Liu Chi-Hung, Lin Yu-Sheng, Sung Pi-Shan, Wei Yi-Chia, Chang Ting-Yu, Lee Tsong-Hai, Lee Ching-Yu, Li Yan-Rong
Stroke Center and Department of Neurology, Linkou Chang Gung Memorial Hospital, Taoyuan 333, Taiwan.
College of Medicine, Chang Gung University, Taoyuan 333, Taiwan.
J Pers Med. 2021 Sep 19;11(9):935. doi: 10.3390/jpm11090935.

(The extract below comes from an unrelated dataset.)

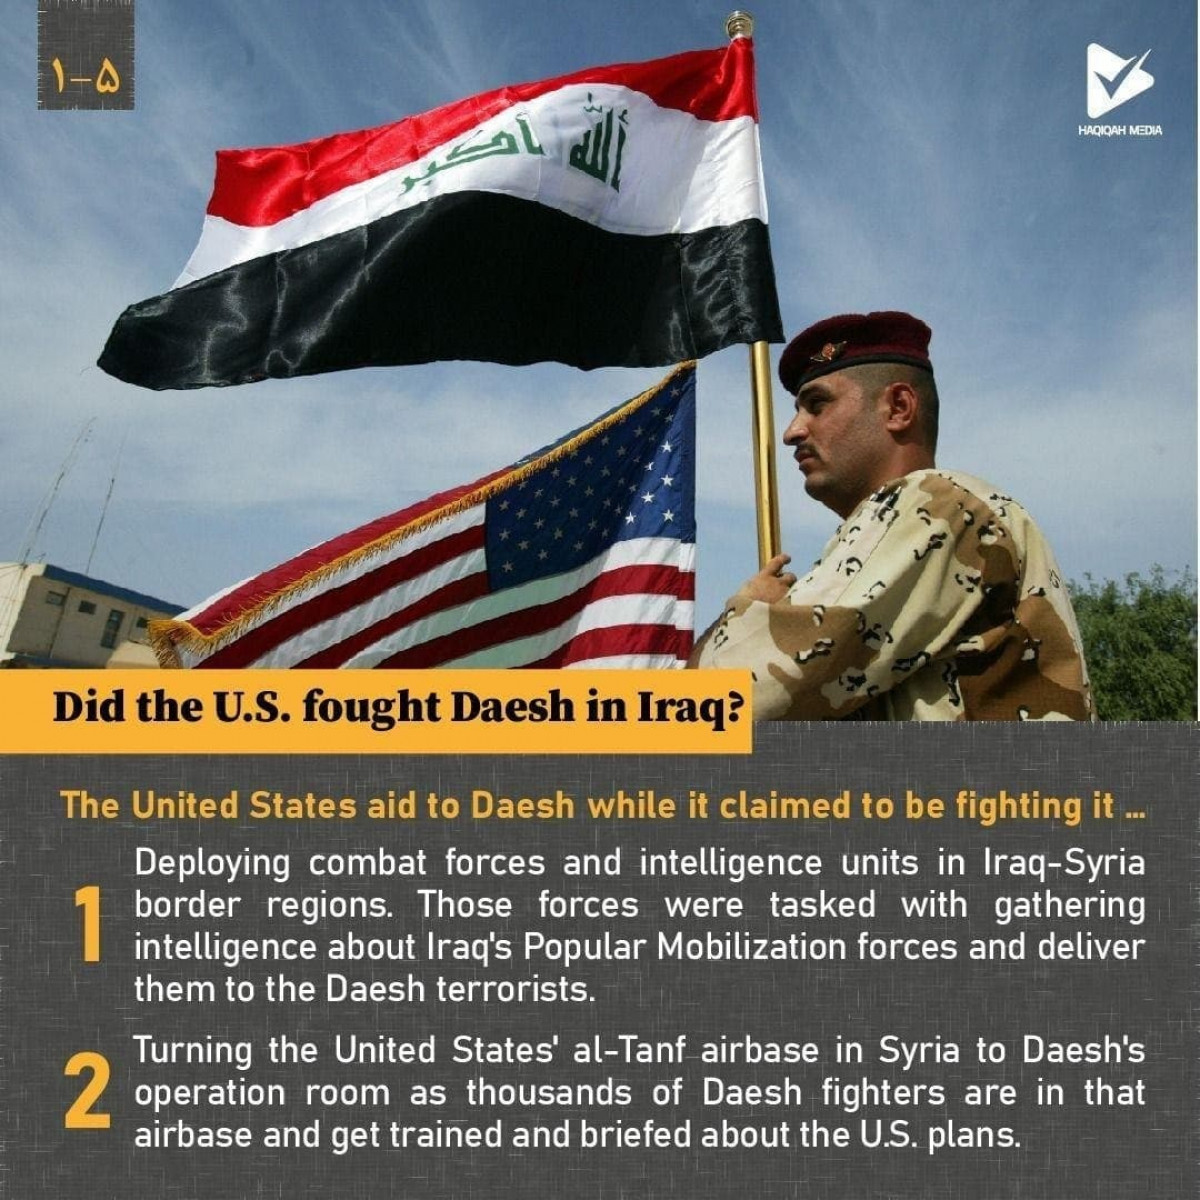 Did the U.S. fought Daesh in Iraq?

The objective is to study whether the cardiovascular protective effects of colchicines could be applied to non-cardiogenic ischemic stroke (IS) patients. Non-cardiogenic IS patients were identified from the National Health Insurance Research Database. Eligible patients were divided into chronic and non-chronic use categories based on their long-term status of colchicine use. The non-chronic use category was subdivided into (1) non-user and (2) new user groups while the chronic use category was divided into (3) former user and (4) long-term user groups according to the patient's recent status of colchicine use. Inverse probability of treatment weights for propensity scores was used to balance the baseline characteristics. The primary outcome was recurrent IS, which was compared within the non-chronic use and chronic use categories. In the non-chronic use category, the number of patients was 355,498 and 912 in the non-user and new user groups, respectively. In the chronic use category, the number of patients was 4737 and 4354 in the former user and long-term user groups, respectively. In the non-chronic use category, patients in the new user group had a marginally lower risk of recurrent IS at 6-months (subdistribution hazard ratio [SHR], 0.95; 95% confidence interval [CI], 0.94-0.97) and 2-years (SHR, 0.92; 95% CI, 0.91-0.93) follow up. In the chronic use category, patients in the long-term user group also had a marginally lower risk of recurrent IS at 6-months (SHR, 0.87; 95% CI, 0.86-0.88) and 2-years (SHR, 0.87; 95% CI, 0.86-0.88) follow up. The effect of colchicine on the reduced risk of recurrent IS was more favorable in patients who also used statins. Recent colchicine use in acute non-cardiogenic IS patients is associated with marginal fewer incidences of recurrent IS. Patients with concurrent statin use may have more profound protective effects.
目的是研究秋水仙碱的心血管保护作用是否可应用于非心源性缺血性卒中(IS)患者。从国民健康保险研究数据库中识别出非心源性IS患者。符合条件的患者根据其秋水仙碱的长期使用状况分为长期使用和非长期使用类别。非长期使用类别再细分为(1)未使用者和(2)新使用者组,而长期使用类别则根据患者最近的秋水仙碱使用状况分为(3)既往使用者和(4)长期使用者组。使用倾向评分的治疗权重逆概率来平衡基线特征。主要结局是复发性IS,在非长期使用和长期使用类别中进行比较。在非长期使用类别中,未使用者组和新使用者组的患者人数分别为355,498人和912人。在长期使用类别中,既往使用者组和长期使用者组的患者人数分别为4737人和4354人。在非长期使用类别中,新使用者组患者在6个月(亚分布风险比[SHR],0.95;95%置信区间[CI],0.94 - 0.97)和2年(SHR,0.92;95%CI,0.91 - 0.93)随访时复发性IS的风险略低。在长期使用类别中,长期使用者组患者在6个月(SHR,0.87;95%CI,0.86 - 0.88)和2年(SHR,0.87;95%CI,0.86 - 0.88)随访时复发性IS的风险也略低。秋水仙碱对降低复发性IS风险的作用在同时使用他汀类药物的患者中更有利。近期在急性非心源性IS患者中使用秋水仙碱与复发性IS的发生率略低相关。同时使用他汀类药物的患者可能具有更显著的保护作用。